Background Adiponectin is an adipocytokine with important role in atherosclerosis. Increasing interest has been directed toward the role of adiponectin gene polymorphism in the human genome and its implication in the pathogenesis of coronary artery disease (CAD).
Objectives The present study investigates the association between the single nucleotide polymorphism +276 G/T of the adiponectin gene and serum adiponectin level in patients with CAD.
Methods In this study, 100 Egyptian patients with CAD of both sexes and 100 age-matched and sex-matched control volunteers were investigated. All patients were genotyped for +276 G/T polymorphism of adiponectin gene. Lipid profile, fasting blood glucose, and hemoglobin A1c were measured. Adiponectin and high-sensitivity C-reactive protein (hsCRP) levels were determined by ELISA technique. PCR based on restriction fragment length polymorphism was used to determine the genotypes of the studied population.
Results The lowest serum adiponectin value was observed in patients with CAD compared with control group. The T allele of single nucleotide polymorphisms (SNPs) +276 G/T in the adiponectin gene was found to be associated with CAD (odd ratio 2.23; 95% confidence interval: 1.44–3.45; P=0.001). The significant association of the T allele (GT+TT) of this SNP with lower adiponectin level and hsCRP levels was confirmed in the study (P=0.003 and 0.006, respectively).
Conclusions Our results concluded that +276 G/T SNP in the adiponectin gene is associated with CAD. Furthermore, carriers of the at-risk T allele had lower serum adiponectin level and higher serum hsCRP, causingin turn an increased risk to develop CAD.

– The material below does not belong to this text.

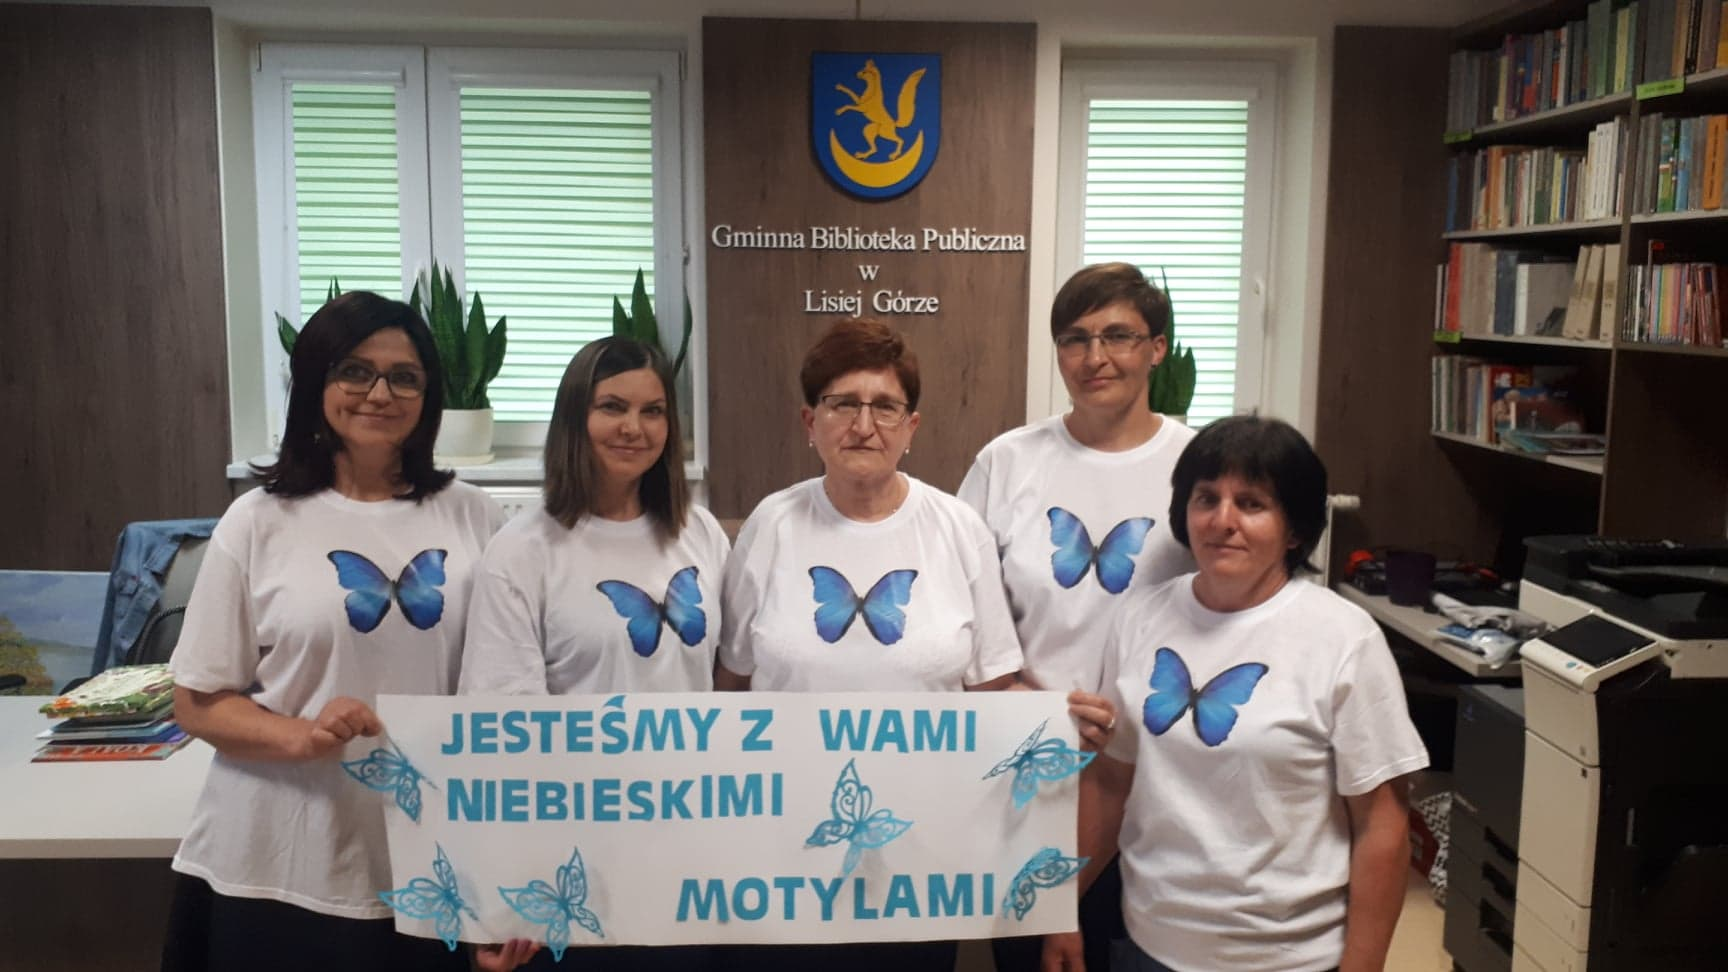 """osoby w białych koszulkaxh z nadrukowanych na nich niebieskimi motylami, trzymające napis """"jesteśmy z wami niebieskimi motylami"""

Keywords: adiponectin gene, coronary artery disease, PCR-RFLP, polymorphism


How to cite this article:
Ghanem NS, El-Sayed NM, Abbas AK, Shaker OG. Adiponectin and its polymorphism: relation to coronary artery disease. Egypt J Intern Med 2019;31:376-81

How to cite this URL:
Ghanem NS, El-Sayed NM, Abbas AK, Shaker OG. Adiponectin and its polymorphism: relation to coronary artery disease. Egypt J Intern Med [serial online] 2019 [cited 2019 Sep 16];31:376-81. Available from: http://www.esim.eg.net/text.asp?2019/31/3/376/265423




  Introduction Top


Adipose tissue, especially visceral fat, is considered as an endocrine organ not merely a store of excess energy, directly involved in the pathophysiology of the metabolic syndrome and cardiovascular diseases. In fact, visceral fat accumulation is recognized as a key player in the occurrence of multiple risk factors for coronary artery disease (CAD) and in vascular changes [1].

Adiponectin is an adipocytokine, secreted from white adipose tissue. Some studies suggest that it is also synthesized by osteoblasts, cardiomyocytes, and skeletal muscle [2]. It is a 30-kDa collagen-like protein, with favorable antiatherogenic and antidiabetic properties at elevated levels [3],[4]. The average plasma concentration of this hormone ranges between 5 and 10 μg/ml, and levels vary according to sex, body fat distribution, and metabolic status [5].

Levels of circulating adiponectin are 30–80% heritable, suggesting that they are, at least partly, under genetic control. The ADIPOQ gene in chromosome 3q27 and several other loci has been reported by genome-wide association studies to associate with serum adiponectin [6],[7],[8].

Low adiponectin has been linked to the presence of CAD [9] and has been shown to be a risk factor for cardiovascular events [10]. Hypoadiponectinemia is strongly linked to central adiposity, dyslipidemia, insulin resistance, and high blood pressure [11],[12]. Adiponectin also has anti-inflammatory properties affecting the nuclear factor-α pathway and inhibiting monocyte adhesion to aortic endothelial cells [13].

Many old gene association studies showed that single nucleotide polymorphisms (SNPs) of adiponectin gene affect the adiponectin production in adipose tissue and modulate circulating adiponectin, but results are controversial and inconsistent [14]. SNP +276 G/T (rs1501299) has been associated with low serum adiponectin level, insulin resistance, and diabetes [15].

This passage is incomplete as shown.